Kusama grew up in Matsumoto City, Japan, while the nation was at war. During her youth in Japan, she began to experience hallucinations that would eventually evolve into a lifelong mental illness that became the powerful engine behind her astonishing productivity and a main theme of her art. When Kusama moved to the United States in the late 1950s and emerged on the New York art scene during the 1960s, one can imagine the young artist’s instinct to contextualise and align her work within the artistic developments of Abstract Expressionism, Pop Art, and Minimalism. However, rather than attempting to narrow or cater her style to any one of these emerging movements during the sixties, Kusama remained zealous and true to her own genius. To this day her work remains deeply intimate, born of her own psyche and irrevocably intertwined with her personal expression.
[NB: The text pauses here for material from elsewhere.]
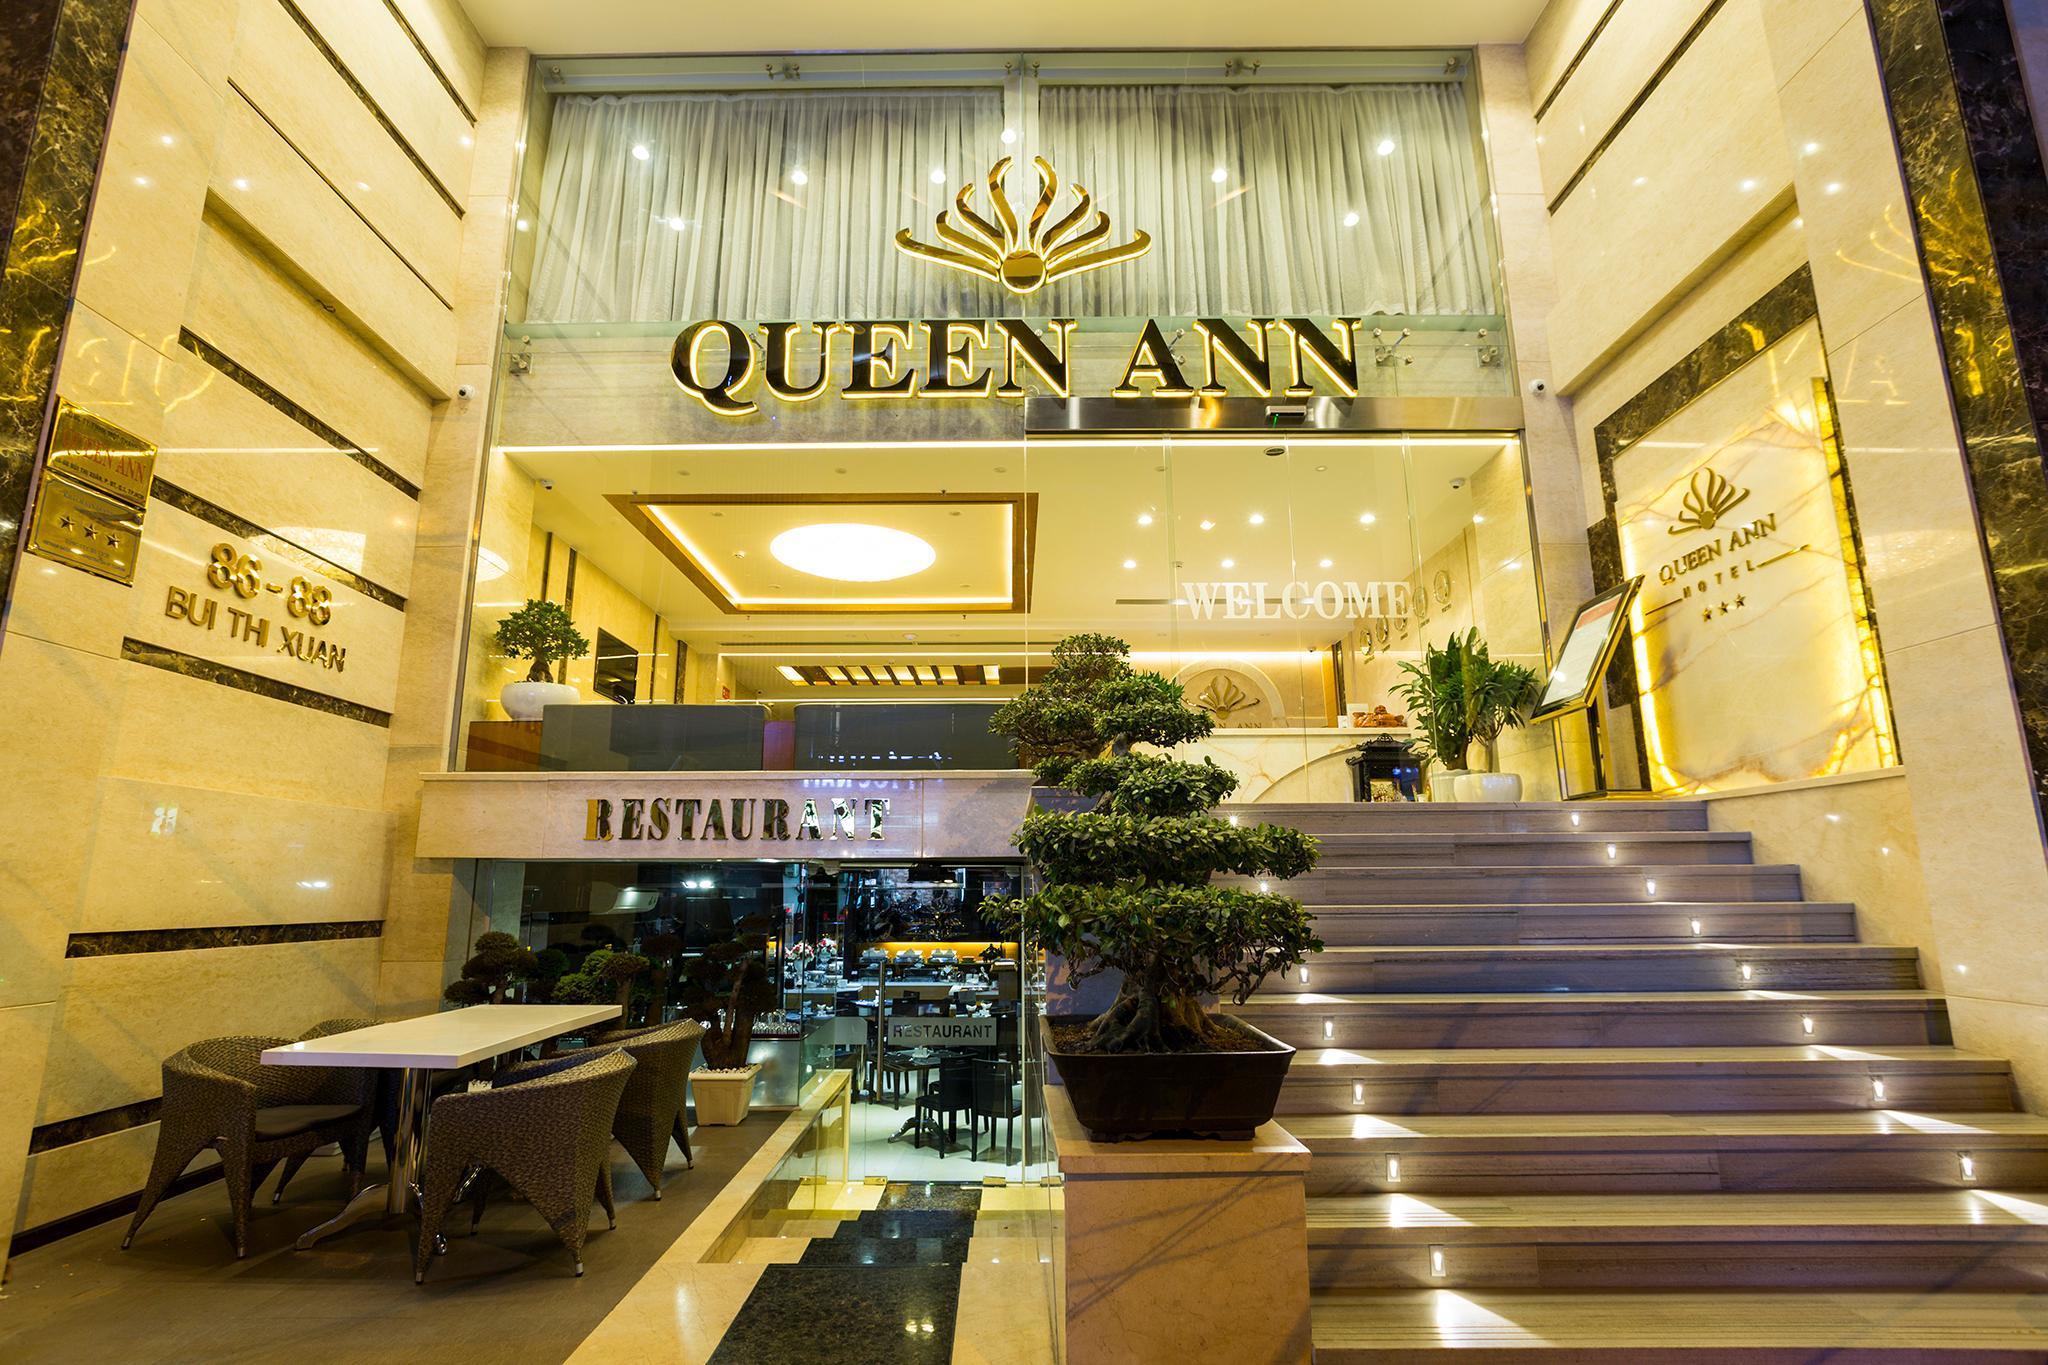 Khách Sạn Queen Ann Hồ Chí Minh

At the time when Nets 8 was executed, Kusama had gone back to Japan, where she has lived and worked since the 1970s. Since then a milieu of biomorphic forms have entered and populated the artist’s universe; Infinity Nets unfolding and growing into endless fields of dots, pumpkins, eyes and teeth making their way into her canvasses. All of these shapes, however, are tightly connected to Kusama’s own vocabulary from the 1950s. Trained classically in Nihonga technique, the artist’s early work is inhabited by cell like structures, flowers and other shapes reminiscent of living organisms, as well a proto-net compositions that anticipate her most iconic body of work. Throughout her entire oeuvre, however, the artist shows an acute awareness of our place as humans in the universe. As the artist would put it: “My desire was to predict and measure the infinity of the unbounded universe, from my own position in it, with dots – an accumulation of particles forming the negative spaces in the net. How deep was the mystery? Did infinite infinities exist beyond our universe? In exploring these questions I wanted to examine the single dot that was my own life. One polka dot: a single particle among millions” (Yayoi Kusama, trans. Ralph McCarthy, Infinity Net: The Autobiography of Yayoi Kusama, London 2011, p. 23).



This work is accompanied by a certificate of authenticity from the Yayoi Kusama Studio.